Venture investors may be hunting up something new.

Observe the following chart that The Exchange pulled out of PitchBook’s platform, tracking deal count in the business/productivity space:

Image Credits: PitchBook

You can see a decline at the onset of COVID-19 in Q2 2020, and then a pretty steady rise through to the first quarter of 2022, when it became clear that more folks were going to venture out without a mask (we’re not making a value judgment on that behavior here, mind). The number of deals posted in the second quarter, the lowest since Q4 2020, was nothing, however, compared to what we see in the most recent period. Deals appear to be in free fall in the formerly buoyant space.

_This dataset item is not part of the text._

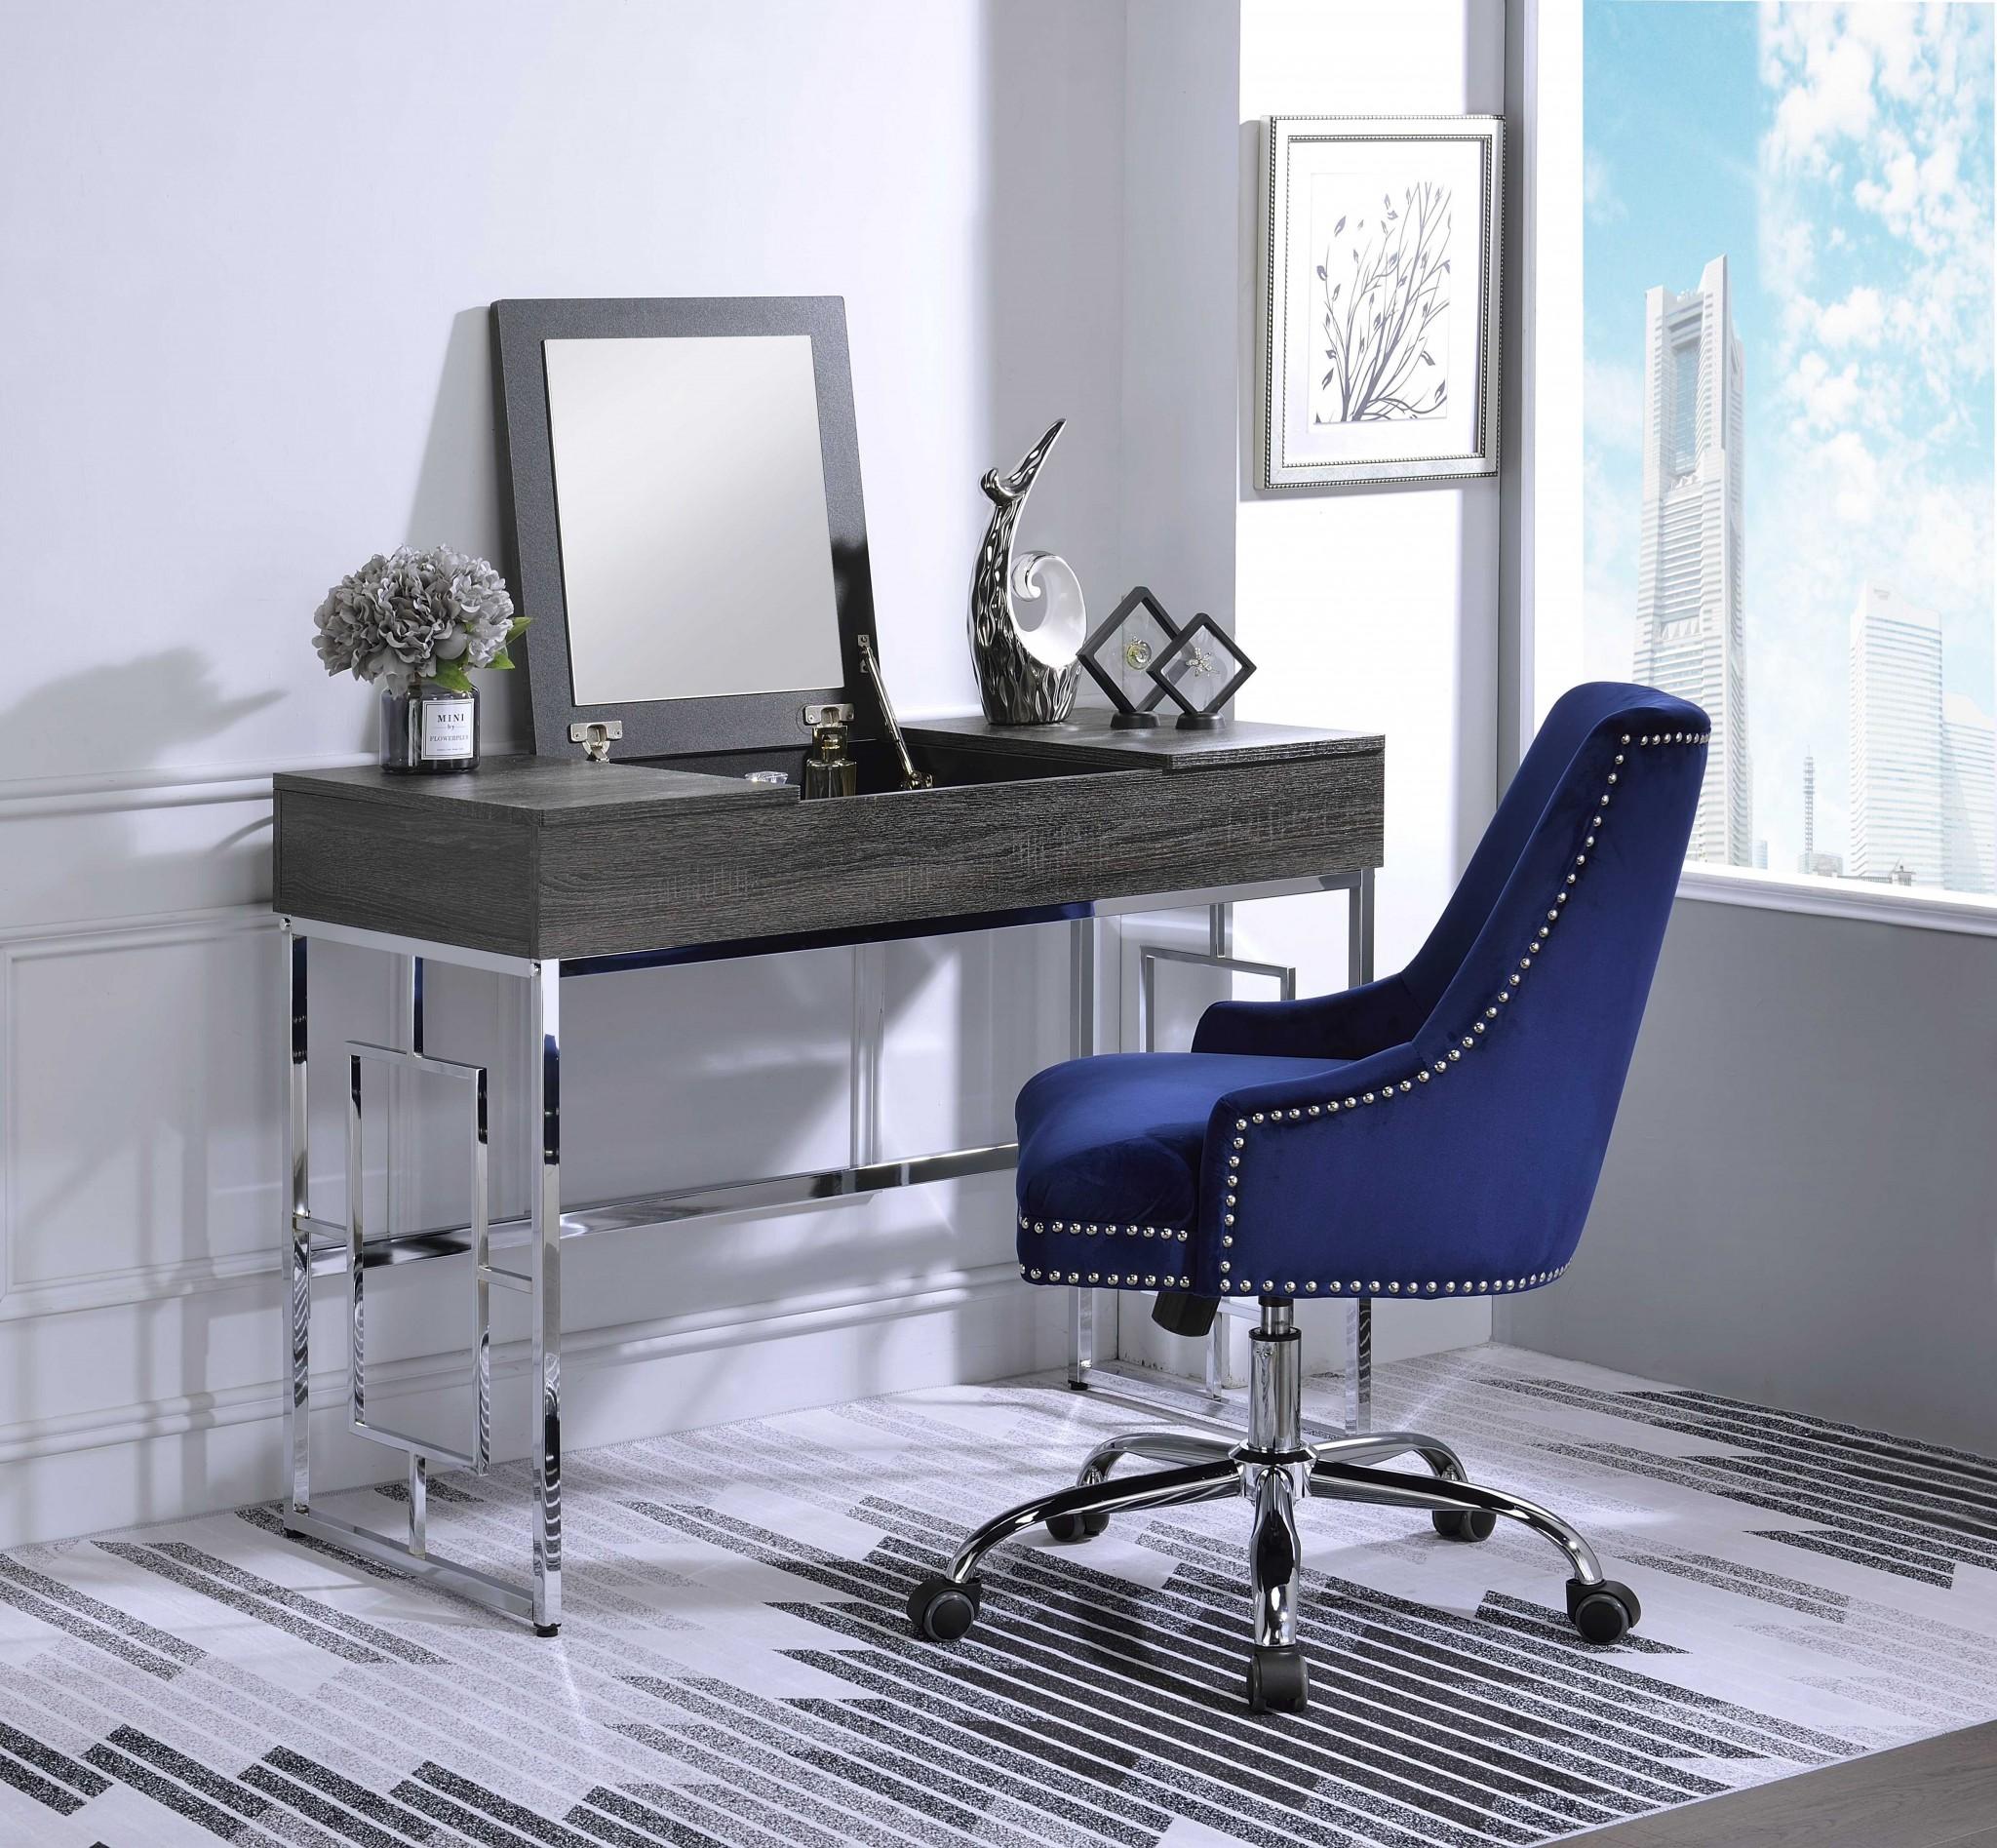 "44"" X 20"" X 32"" Chrome And Black Metal Tube Vanity Desk"

As you would expect, the dollar value of the above-detailed venture deals is also falling:

Image Credits: PitchBook

The dollar value of deals has dropped even faster than the number of deals, measured in percentage terms. The pullback is real. And perhaps accelerating.

If things hold steady, Q4 2022 could see the deal and dollar value of business productivity software investments fall even further. Perhaps Slack sold at the right time?

The next question that we need to answer is how the above declines square up with aggregate Q3 venture capital trends. We’ll wait to get the final numbers to make that determination with confidence, but it wouldn’t shock us if we are seeing this market slow in excess of venture capital totals more generally.

But don’t cry for productivity software startups; some sectors may have it even worse. Edtech, for example, peaked earlier in deal terms (Q1 2021) and even earlier in dollar terms (Q4 2020), and is set to post its third consecutive quarterly decline in deal volume and fourth consecutive decline in dollar value.

Indeed, the entire software market is in retreat. A similar search highlighting companies tagged simply with “SaaS” shows sharp declines in deal and dollar terms, meaning that the larger genre of startup work that encompasses much of edtech and productivity software is not looking too healthy.

If we do find that venture totals are slowing less rapidly than the above categories, we’ll be able to say with some confidence that venture capitalists are pulling back and refocusing, even if it is unclear at the current moment precisely where those potential excess dollars may be flowing.

We suspect those categories could include climate tech, health tech, developer and designer tools, and, yes, web3. More data to come, but it appears that, at a minimum, we’re seeing startups that were previously the apple of investors’ eyes become something less attractive — perhaps to the benefit of other sectors. More to come when we get full Q3 data.